Tem uma cena do filme Dias Perfeitos sobre a qual não paro de pensar há quatro meses. Se você não acompanhou o hype, nesta obra-prima delicada do Wim Wenders acompanhamos o cotidiano de Harayama, um faxineiro responsável por limpar os banheiros públicos de Tóquio, que segue todos os dias uma rotina simples e sem grandes acontecimentos. Ou melhor: uma rotina em que aprecia os pequenos grandes acontecimentos que cabem em um dia ordinário. Durante o filme, sabemos muito pouco sobre Harayama, um personagem que quase não fala. Sabemos que ele gosta de ouvir fitas cassete no caminho para o trabalho, que lê antes de dormir, gosta de fotografar o movimento entre as árvores e aprecia as plantas. É um homem simples, vivendo em um lugar simples, parece ter encontrado um lar dentro dessa simplicidade quase onírica.
Na cena sobre a qual não paro de pensar, temos o único vislumbre de sua vida pregressa, da vida que aconteceu antes que ele encontrasse seu lugar no mundo, quando recebe a visita de sua irmã em um carro luxuoso. Harayama cumprimenta a irmã com o mesmo espírito franco e silencioso, e nos pouquíssimos segundos de interação descobrimos que não foi sempre assim (a simplicidade, o ritual de beleza). Entendemos que ele vem de uma família abastada, e escolheu abandonar isso tudo por algum motivo traumático. Nada de mais é revelado ali. Tudo que precisamos saber é revelado ali. É uma aula de narrativa precisamente por isso, por revelar uma história que ampara e justifica esse personagem, mesmo que seja uma história incompleta. Incompleta porque não é entregue com todos os seus detalhes, e deixa ao outro lado a benção da suposição.

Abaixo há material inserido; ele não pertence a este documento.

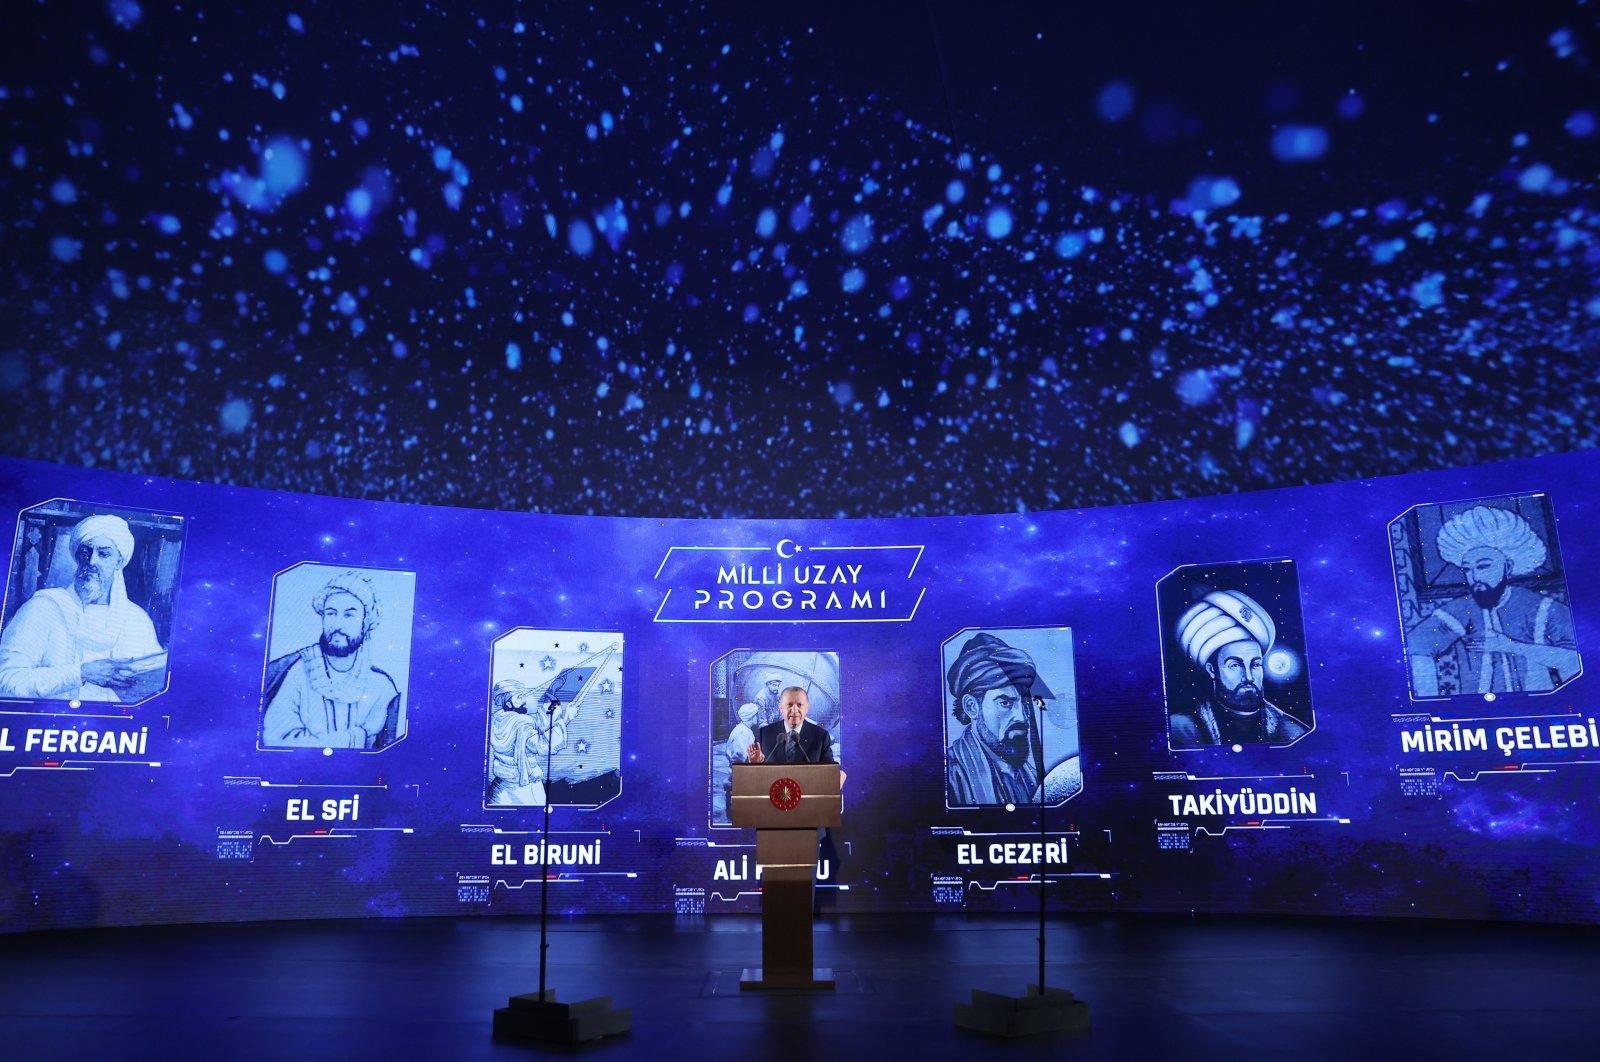 President Recep Tayyip Erdoğan speaks during the inauguration ceremony of Turkey's National Space Program in the capital Ankara, Turkey, Feb. 9, 2021. (AA Photo)

Esse é um tipo de sofisticação narrativa que também aparece na boa literatura. Está na emblemática dúvida de Bentinho e nas personagens misteriosas de Lygia Fagundes Telles. Kazuo Ishiguro, um dos meus escritores favoritos, é um mestre nisso de não dar satisfação ao leitor: em um de seus livros, somos jogados em meio a uma realidade de pessoas clonadas com o propósito de doar órgãos. Não há introduções a esse mundo, nem justificativas morais, é um mundo que simplesmente existe, e pegamos a história já no meio do caminho. Em outro livro dele, uma terra medieval é assolada pela névoa do esquecimento, em uma alegoria que jamais é justificada, mas definitivamente sentida.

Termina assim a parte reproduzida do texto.